There are several advantages to using these interfaces. First, when using these interfaces, the developer does not need to be concerned with the details of the Performance Monitor API. These details include laying out the performance monitor structures in memory and defining a communication mechanism between the Performance DLL and the application. Second, because the generic Performance DLL communicates with the application through COM interfaces, the components used to collect the performance data can be written in any language. This approach makes it easier for applications written in languages like Visual Basic® to support custom performance monitor counters.
The IPerfmonObject interface represents a performance monitor object. Examples of performance monitor objects included with NT are Process and Thread. SQL Server adds custom objects including SQL Server-Procedure Cache and SQL Server-Log. In the approach presented in this document, each application exposes a Performance Monitor object.
The IPerfmonCounter interface represents a custom performance monitor counter. These counters hold the data values being monitored within the application. Examples of counters from the NT Process object include Thread Count and Handle Count. A Performance Monitor object can have any number of counters.
We have also provided a set of C++ classes and macros to make it easy to build components that expose the interfaces described above. The classes IPerfmonObjectImpl and IPerfmonCounterImpl provide default implementations for each member of IPerformObject and IPerfmonCounter. These classes are described later in the document.
The following sections provide explanations for each member of IPerfmonObject and IPerfmonCounter. As described above, the default implementations provide by IPerfmonObjectImpl and IPerfmonCounterImpl are generally sufficient.
Each application implements one component that exposes this interface. This component is referred to as the application's collection component throughout this document. The collection component represents the application's performance monitor object. This interface provides the top-level connection to the Performance DLL. The definition of IPerfmonObject is:
interface IPerfmonObject : IDispatch
{
HRESULT GetName([out, retval] BSTR *pName);
HRESULT GetHelp([out, retval] BSTR *pHelp);
HRESULT GetIndex([out, retval] long *pIndex);
HRESULT GetNumCounters([out, retval] long *pNumCounters);
HRESULT GetCounters([out, retval] IUnknown **pCounters);
};
Figure 7.
Returns the name of the Performance Monitor object.
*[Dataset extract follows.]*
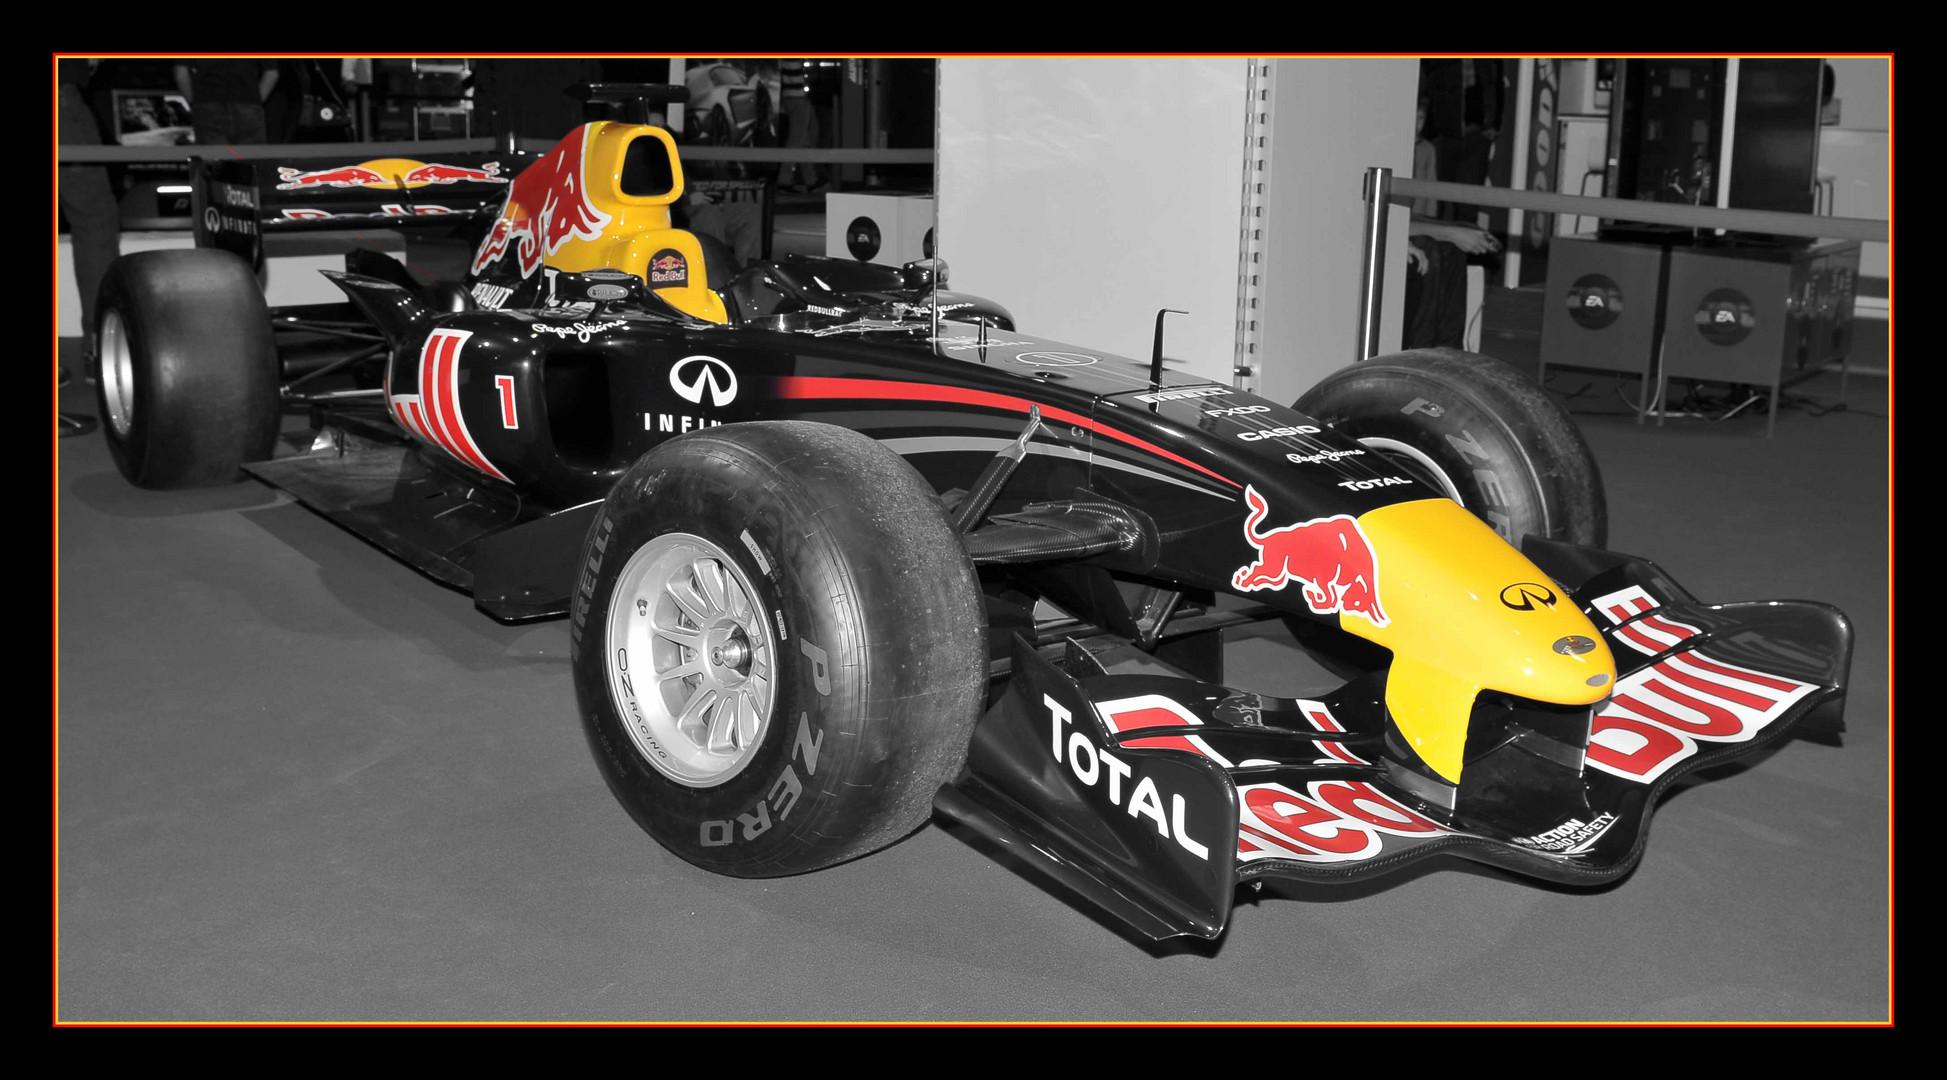 Colorkey des Red Bull von S. Vettel

This name is added to the list of Performance Monitor objects in the registry during the registration process. The name is then displayed in the "Object" dropdown on the "Add To Chart" dialog box in the Performance Monitor user interface (Figure 8).
Returns the help text for the Performance Monitor object. Like the name, an object's help text is entered in the registry and displayed in the Performance Monitor user interface. The help text is shown when the user chooses the "Explain" button in the "Add To Chart" dialog (Figure 8).
Figure 8.
Performance Monitor requires that each object and counter be identified by a unique index. This index is stored in the registry along with the object's name and help text. Index values are always even numbers. This method returns the index for the application's Performance Monitor object.
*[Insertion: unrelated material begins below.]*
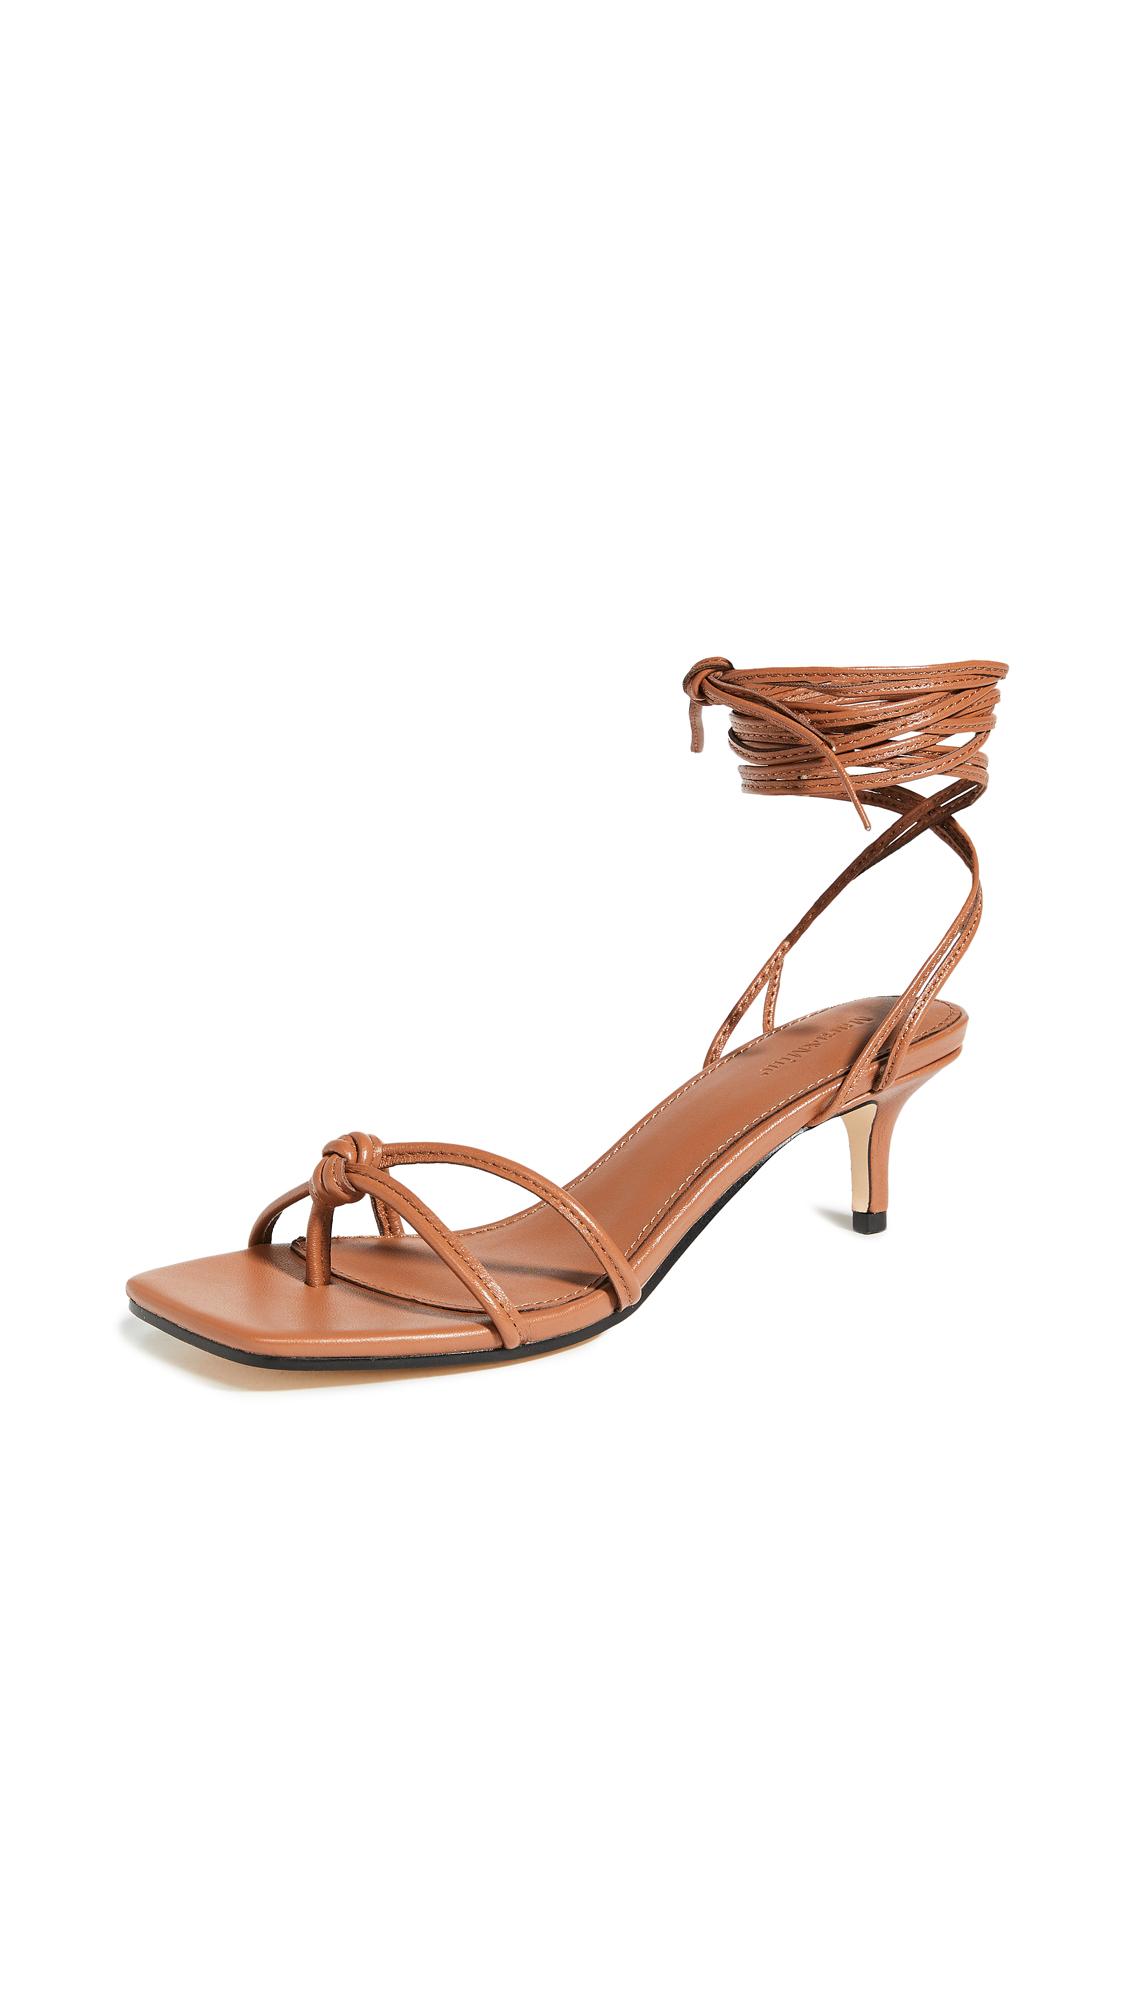 Buy Mara & Mine Olympia Kitten Heel Sandals online, shop Mara & Mine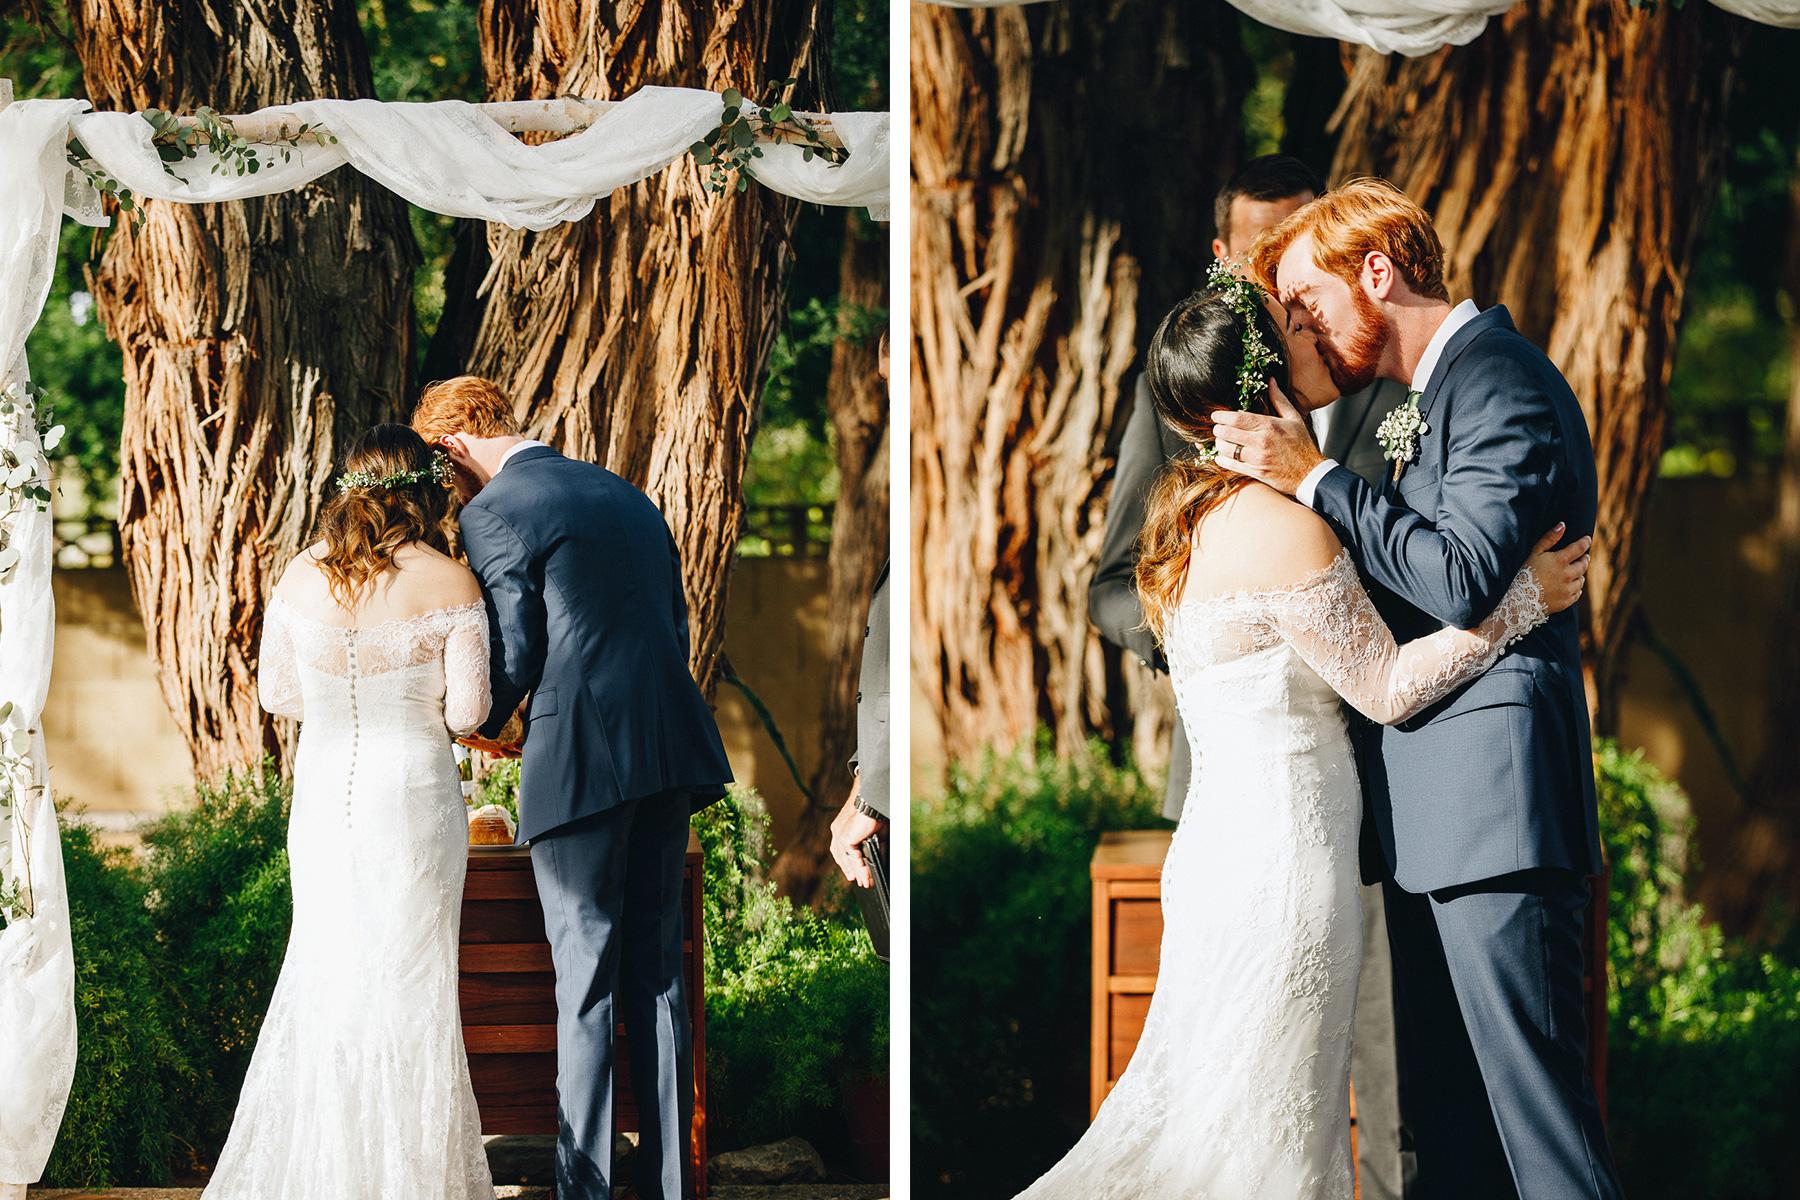 181104-Luxium-Weddings-Arizona-@matt__Le-Brandon-Kariana-Phoenix-Valley-Garden-Center-1073.jpg

Returns the number of custom counters for this object.
This method returns a COM enumeration containing IPerfmonCounter interface pointers to each of the object's counters.
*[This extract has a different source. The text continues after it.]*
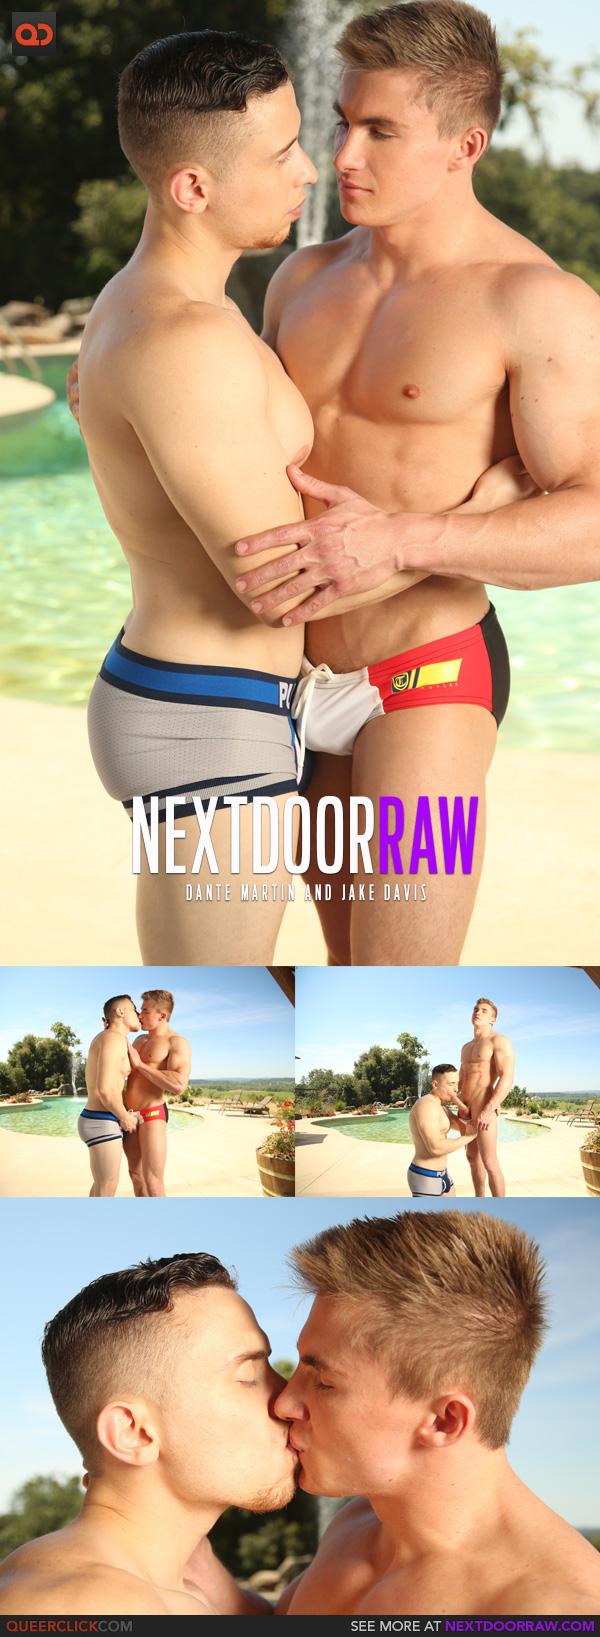 nextdoorraw-martin-davis

An application implements one component that exposes this interface for each custom counter it provides.
Both the ExtCounters DLL and the registration component use these interfaces to gather information about a custom counter. The definition of IPerfmonCounter is:
interface IPerfmonCounter : IDispatch
{
HRESULT GetName([out, retval] BSTR *pName);
HRESULT GetHelp([out, retval] BSTR *pHelp);
HRESULT GetIndex([out, retval] long *pIndex);
HRESULT GetDataType([out, retval] short *pDataType);
HRESULT Collect([out, retval] VARIANT *pVariant);
};
Figure 9.
Returns the name of the custom counter. As with Performance Monitor objects, the name of each counter is stored in the registry and displayed in the Performance Monitor user interface. The "Counter" list box on the "Add To Chart" dialog lists the custom counters for the select object (Figure 7).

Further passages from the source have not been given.